Holidays and What Not

So Holidays are weird for me. Have been for a while. Some of this is because my parents have never been huge holiday-people, which means me, as growing up like an only child also was never introduced to the idea that holidays were huge. Now I have a wonderful half-sister, who I would never consider as such. She's just my sister - full blown sister, not a fractional relationship, but she's 10 years older than me so I grew up by myself. I am thankful for this. I learned to deal with myself, which has been useful in post-adolescent living.

Okay but where is this going. Here's what I'm thinking. Holidays have lost meaning because they don't have the "pull" they used to have. This actually, surprisingly, has something to do with the War on Christmas conversation, just not the way people who talk this nonsense think.

The terror that comes into the Christian's gut is not from nowhere. They are correct that we no longer live in a unified religious world. The world is "post-modern" and you are in it too - like it or not. But that world is complex and plural and most importantly it's constantly "deferred."

So Post-Modernism, as Jonathan Lethem pointed out in his wonderful essay collection The Ecstasy of Influence, is more like an environment - in fact it is an environment - than it is a mode of thinking.

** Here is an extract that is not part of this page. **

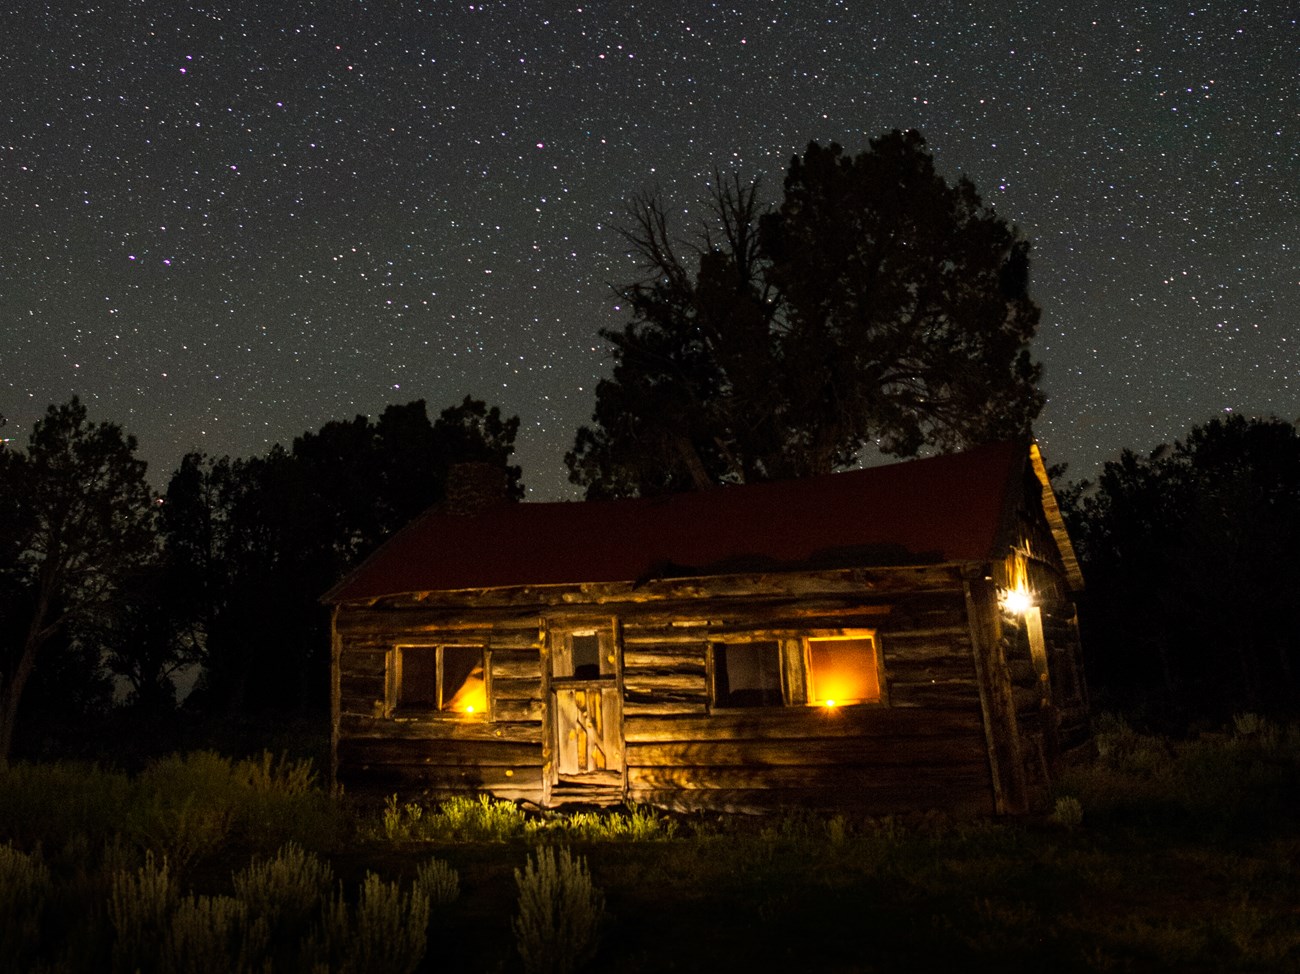 Starry night view of the Waring Ranch House, Parashant National Monument, AZ.

Here's an example - most of my understanding of other places is mediated through a screen. And then I relay my information over another screen (this one) and then someone else looks it up on their screen. Blah blah. So the point is that we're never getting to "The Real." Real go poof. What we have is the Derridian Trace.

Okay but what in the hell does this have to do with Holidays. Well in a postmodern world Christmas is constituted not by an overall sense of "being." It's constituted by a mostly capital-economic need. Not believing in Jesus or Santa Clause as being supernatural would crash our economy if the result was that people who stopped believing stopped buying.

So the holidays don't pull me in - and they didn't pull my parents in. I think they think that the world does its thing everyday. So it's more meaningful in a sense to invite friends over for a random Wednesday for a meal and talking. That has a solid center. Everyone there is there for the "event." Holidays, Christmas especially, doesn't feel unified at all. And that's what the "war on Christmas" people are correct about. They feel the fear and trembling that comes with the loss of the kind of meaning they want. What they don't get is that it's just gone - and you can kick and scream, but it aint coming back. One must dwell in the world one has. And that world is mediated and complicated and constituted by "play" and therefore wonderful. If you can accept that.

Living meaningfully in a post-modern world is the big question for our time. The fact that it's not constantly talked about shows the depth of the anxiety, in my opinion. Embrace the play. It's a lot of fun.